Overall, the only context in which I think this option is worth considering would be if we had PipelineTasks
we wanted to run on both on-sky visits and CPP pairs (I can’t think of any). And even then, I’d lean towards a variant of B1 where we extend the CPP group concept to permit on-sky images instead of extending the visit
concept to permit CPP pairs.
As with B1 (and with visits!) there is no requirement (from the middleware, at least) that the group definitions in this scenario be based on headers.
Passing complete group definitions from a file in this scenario is the same as in B1 - we have a define-visits
command-line UI already, it doesn’t provide that functionality right now (except via config), and there’s nothing preventing us from adding it other than just doing the work.
@timj has expressed an interest in expanding the visit concept to all exposures in the past, so I’m hoping the above will either explain why it’s not a good idea or give him an opportunity to explain why it might still be a good idea.
Option B3
Add and use support for free-form, no-relationship identifiers in data IDs.
PipelineTasks
would be able to declare and use new dimensions, with the restriction that these dimensions never have built-in relationships or predefined values, and hence don’t have database tables and don’t guarantee any kind of data ID consistency across processing runs. Using them would also require the concrete PipelineTask
to provide an implementation of the QuantumGraph
-generation hook that most other PipelineTasks
can inherit from the base class.
This option requires more work in the middleware system than the others (so we’d probably need to live with an Option A approach for longer), but it would add a lot of flexibility to the system that would probably be used in other ways in the future.
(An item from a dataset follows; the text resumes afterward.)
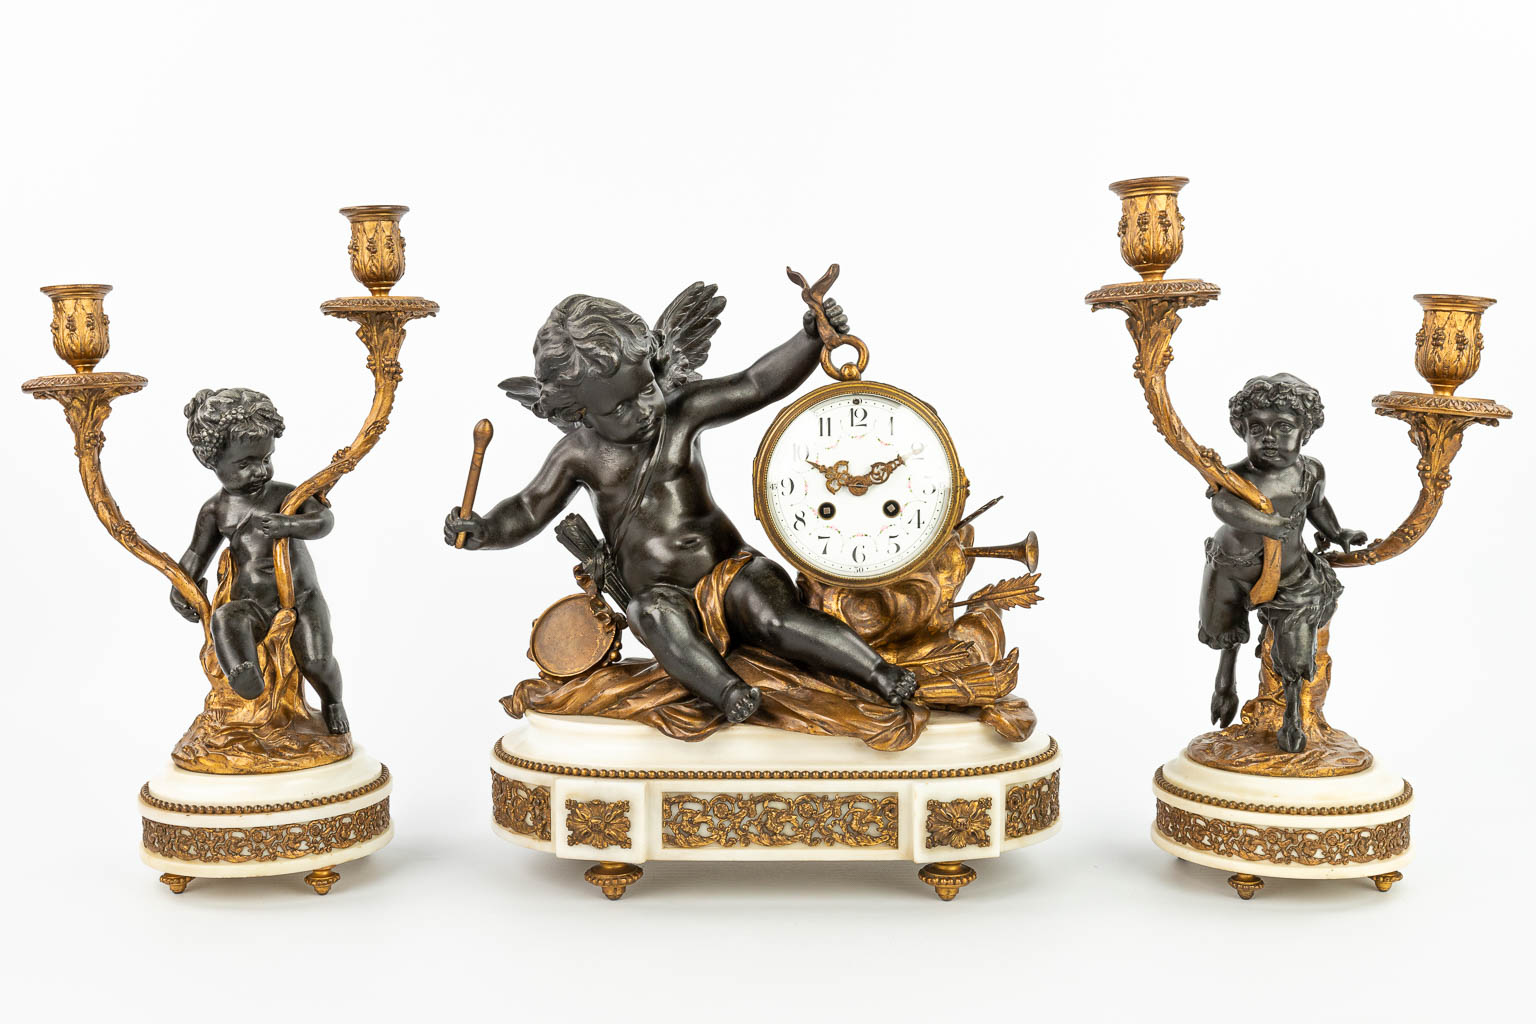 A three-piece mantle clock decorated with putti and a satyr, made of patinated and gilt spelter. (H:37cm)
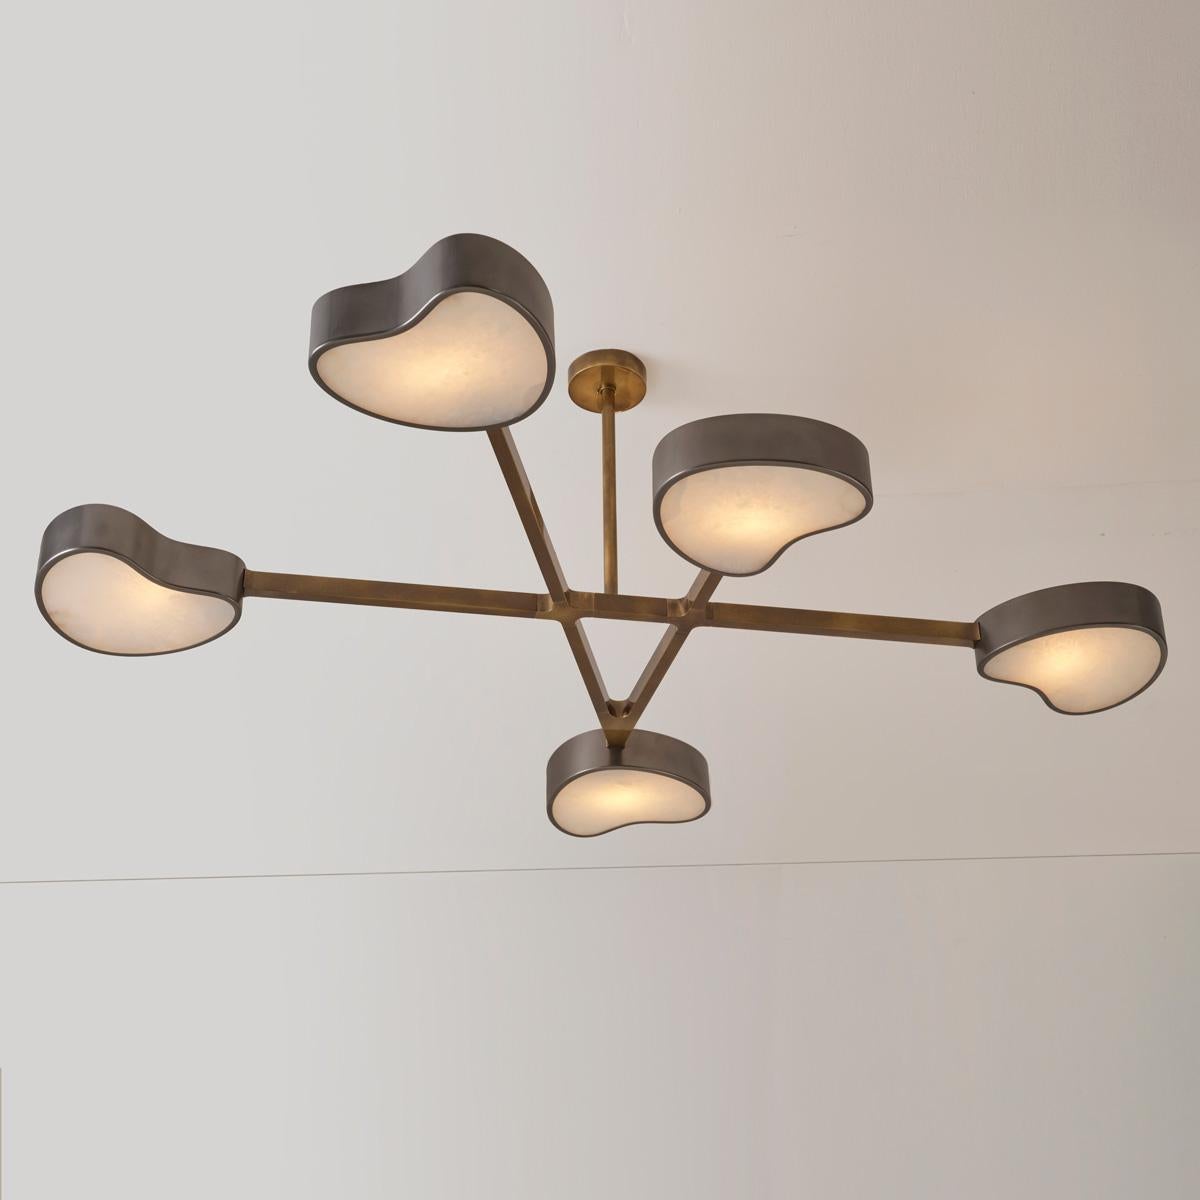 Modern Cuore N.5 Ceiling Light by Gaspare Asaro. Peltro and Bronze Finish For Sale

This is much more natural than B1 or B2 if pair-definition is expected to happen essentially every processing run and pairs are rarely the same. Whether it’s enough better than A to justify the extra work probably depends on whether we can provide intra-PipelineTask parallelization primitives to speed up A (or whether we even need to) and whether we actually do have other use cases (e.g. pairwise diffim?) that would take advantage of B3 functionality.
Passing group definitions from files would hopefully fit naturally into this scheme as a way of passing data IDs from files (which we need for other reasons), and would just be part of the work to get it up and running at all. But some design work is needed on that front, and it’s hard to say exactly how it would work.
B3 most resembles the approach @RHL has advocated in similar contexts; I’m hoping this makes the tradeoffs more clear so we can see whether it’s actually the right choice for CPP pairs (as opposed to just something it would be good for the system to be able to do - which I agree with, but don’t otherwise consider a high priority right now). I’m also hoping this makes it clear why I think B1/B2-style pre-definition of groups is the right approach for visit
, and would be even if we had B3-style functionality available.